Et à travers la plume sereine de l’autrice, j’ai ressenti son immense appétit de vivre et sa vitalité. J’ai enfin saisi ce qu’était la beauté des maths au milieu de cette végétation florissante.

Imaginez un instant : une araignée n’a pas besoin d’avoir étudié la géométrie pour tisser une spirale logarithmique parfaite ; une fleur n’a pas besoin de connaître le nombre d’or pour ordonner ses pétales de la manière la plus élégante qui soit ; un oiseau migrateur n’a nul besoin de poser des équations d’aérodynamique pour traverser des milliers de kilomètres. Les mathématiques ne sont plus une batterie de chiffres arides destinés aux examens, mais une symphonie étincelante nichée au cœur même de la nature.

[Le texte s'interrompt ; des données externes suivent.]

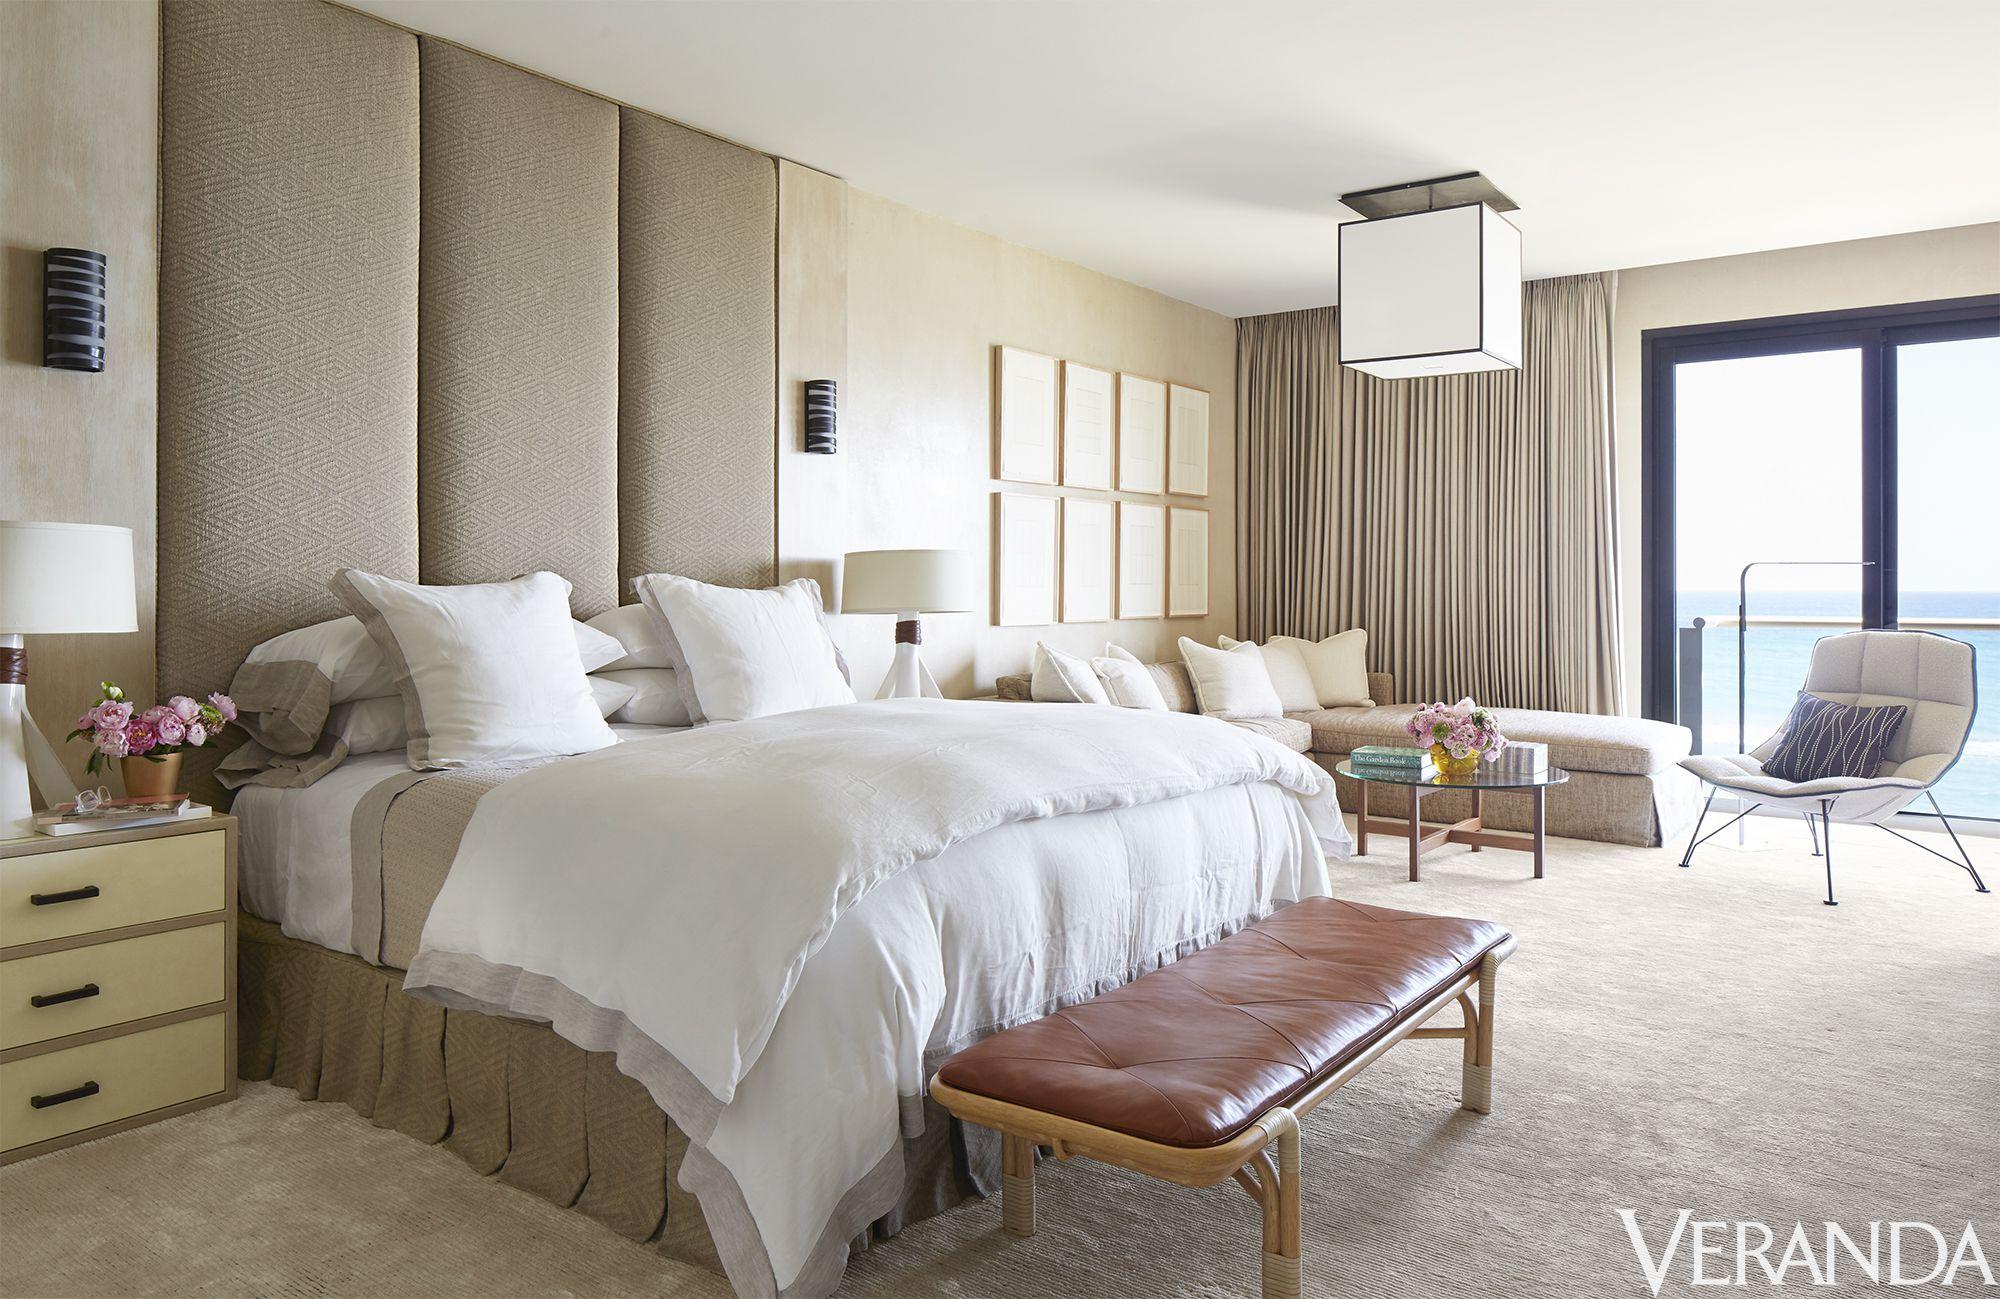 Designer Bedroom 30 Best Bedroom Ideas - Beautiful Bedroom Decorating Tips IFJMQVD

Comment ne pas trouver cela beau ?

À l’ère de l’intelligence artificielle, tout exige efficacité, rationalité, objectifs clairs et trajectoires nettes.

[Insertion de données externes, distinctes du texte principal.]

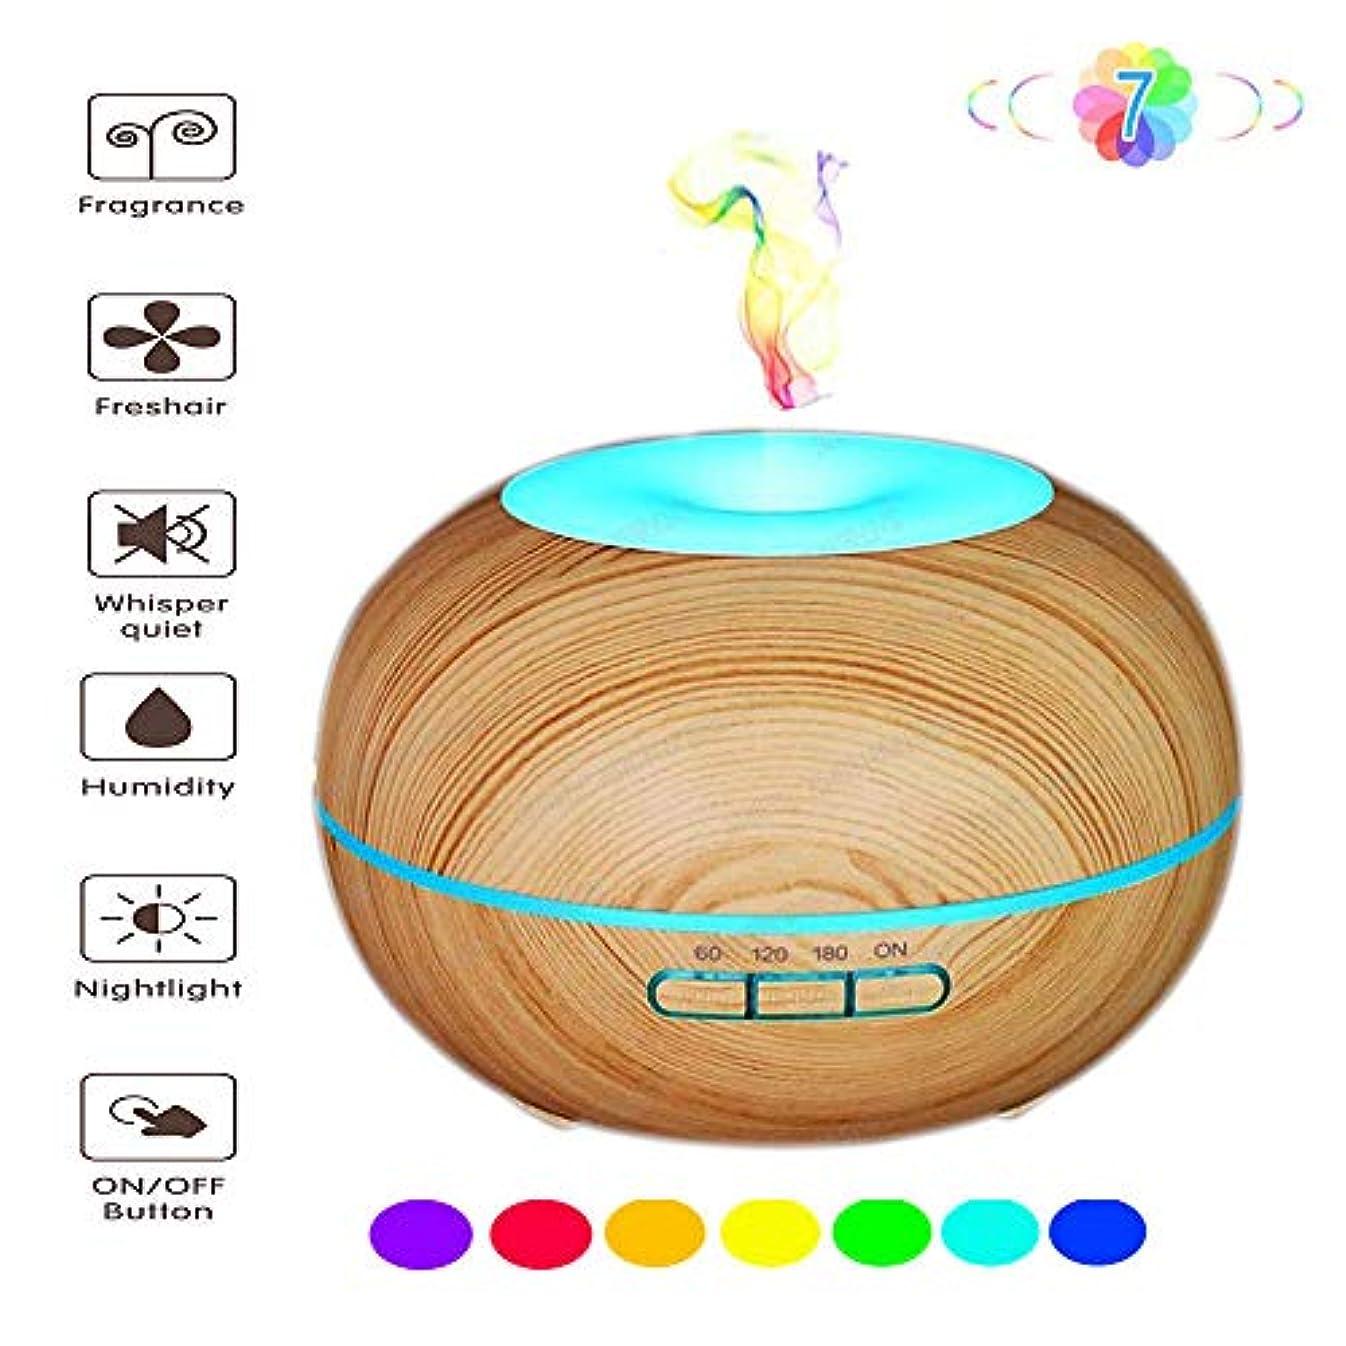 電話する磁気スプレーアロマテラピーエッセンシャルオイルディフューザー、300ml室内空気加湿器 - 魅力的な7色LEDナイトライト - ウォーターレスオートシャットダウン - タイムモード - ファミリーヨガオフィス

Pourquoi lire encore un livre aussi lent, aussi doux, aussi éloigné de toute recherche d’utilité immédiate ?

C’est la question qui m’a hanté une fois le livre refermé.

Aujourd’hui, nous vivons cernés par les algorithmes. Les algorithmes de recommandation choisissent nos actualités, les algorithmes de navigation dictent nos itinéraires, et même nos relations sociales, nos habitudes de consommation ou nos variations d’humeur sont modélisées et traduites en données. Les maths sont mises à notre service : hier pour réussir des examens, aujourd’hui au nom de l’efficacité, de la croissance et de la rentabilité. Elles sont devenues un outil, un moyen, le carburant d’un monde lancé à toute allure. Nous « utilisons » les mathématiques chaque jour, tout en nous éloignant d’elles à mesure que nous cessons de les « ressentir ».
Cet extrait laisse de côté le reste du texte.